Fen makes his first appearance in The Case of the Gilded Fly and is introduced as wishing to be involved in a "splendidly complicated crime". He is described by one of the other characters in the novel as "Cherubic, naive, volatile, and entirely delightful, he wandered the earth taking a genuine interest in things and people unfamiliar." Much of The Case of the Gilded Fly is set in Fen's Oxford college, the fictional St Christopher's, and this college also provides the setting for parts of The Moving Toyshop and Swan Song. The imaginary college of St Christopher's is located at the junction of St Giles and the Banbury Road in Oxford, currently the site of the Department of Statistics.

In the course of the novels, Fen generally succeeds in identifying the criminal (usually a murderer). When involved in a case he is described as boisterous and gay when nothing important is happening, but melancholy when he finds out key information. Upon completing a case, Fen is described as entering moods of profound gloom similar to the post-case "reactions" experienced by Arthur Conan Doyle's Sherlock Holmes.

Fen often involves himself and those around him in ridiculous situations as he attempts to solve the mysteries he is involved in. His life is regularly threatened in the books, generally by murderers, but also by homicidal dogs, witches and his own lunatic driving in his beloved car "Lily Christine III".

Fen is noted for breaking the fourth wall in the novels. In The Moving Toyshop he makes jokes about the publisher of Crispin's book as well as suggesting different titles for the novel he is acting within.

== Influences ==

In his foreword to Fen Country, Philip Larkin suggests that Fen was based partly on Crispin's Oxford tutor – W.G. Moore. Larkin felt that Fen reproduced much of Moore's appearance and mannerisms. Crispin also himself admitted that Fen was in part based on Moore.

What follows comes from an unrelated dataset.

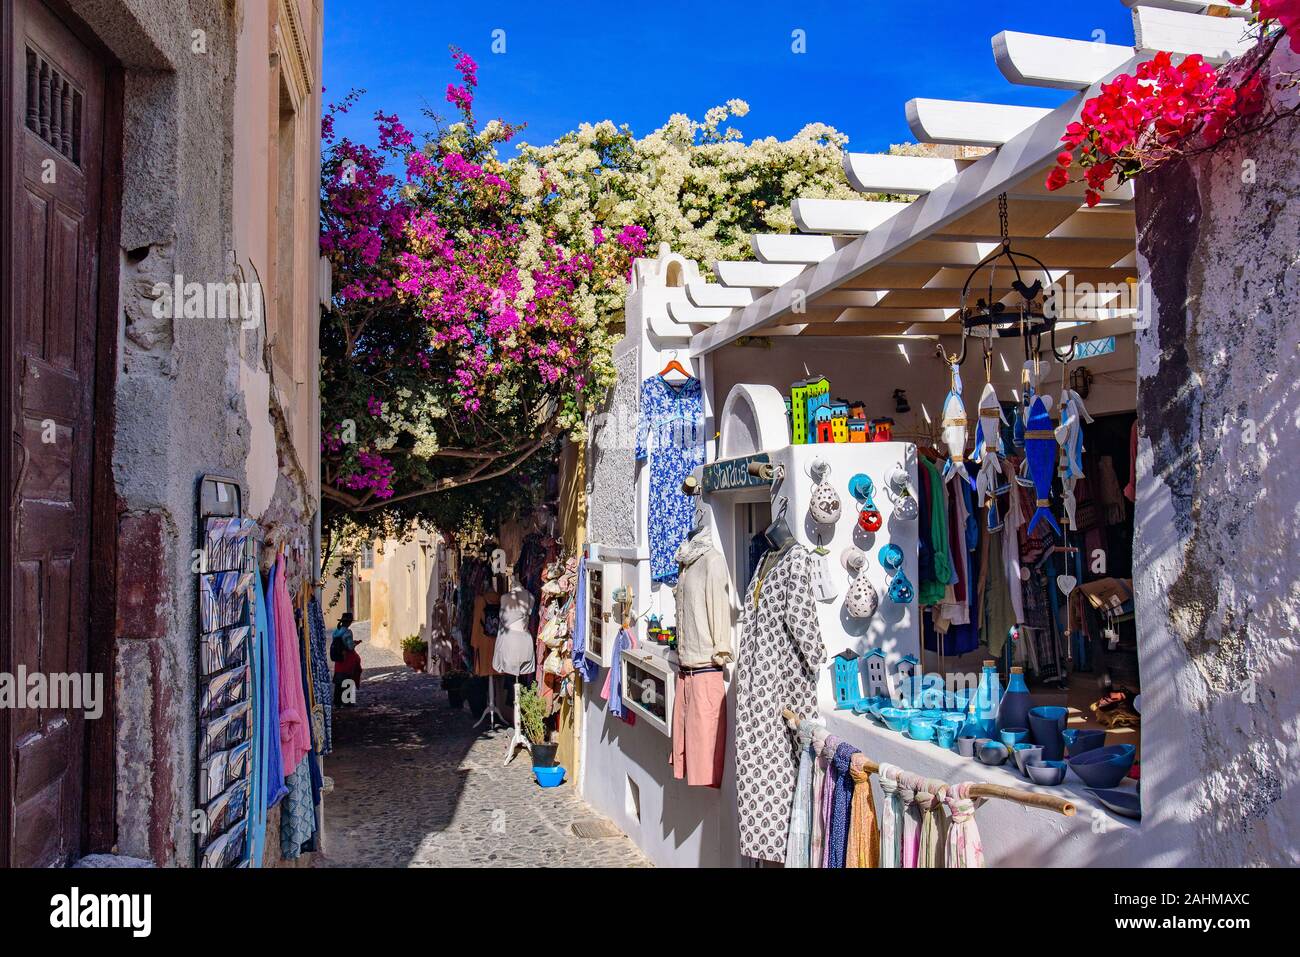 Souvenir shop in Oia, Santorini, Greece Stock Photo

The stories that Fen takes part in are influenced by the detective stories of John Dickson Carr (one of Crispin's favourite authors). The name Gervase Fen may have been inspired partly by Gideon Fell – one of Carr's detectives.

==Bibliography==

- The Case of the Gilded Fly (1944)
- Holy Disorders (1945)
- The Moving Toyshop (1946)
- Swan Song (1947)
- Love Lies Bleeding (1948)
- Buried for Pleasure (1948)
- Frequent Hearses (1950) (also published as Sudden Vengeance)
- The Long Divorce (1951)
- Beware of the Trains (1953) (short story collection)
- The Glimpses of the Moon (1977)
- Fen Country (1979) (short story collection)

== Adaptations ==
The Moving Toyshop was adapted for the 1960s BBC TV anthology series Detective, Fen was played by Richard Wordsworth. The programme is missing from the BBC archive.

Swan Song was adapted for theater by John Greenwood and Jonathan Levi, and performed in Manhattan in 1986. Tony Tanner both directed and played Fen.

A BBC radio adaptation of Frequent Hearses read by James Wilby was broadcast in May/June 2011.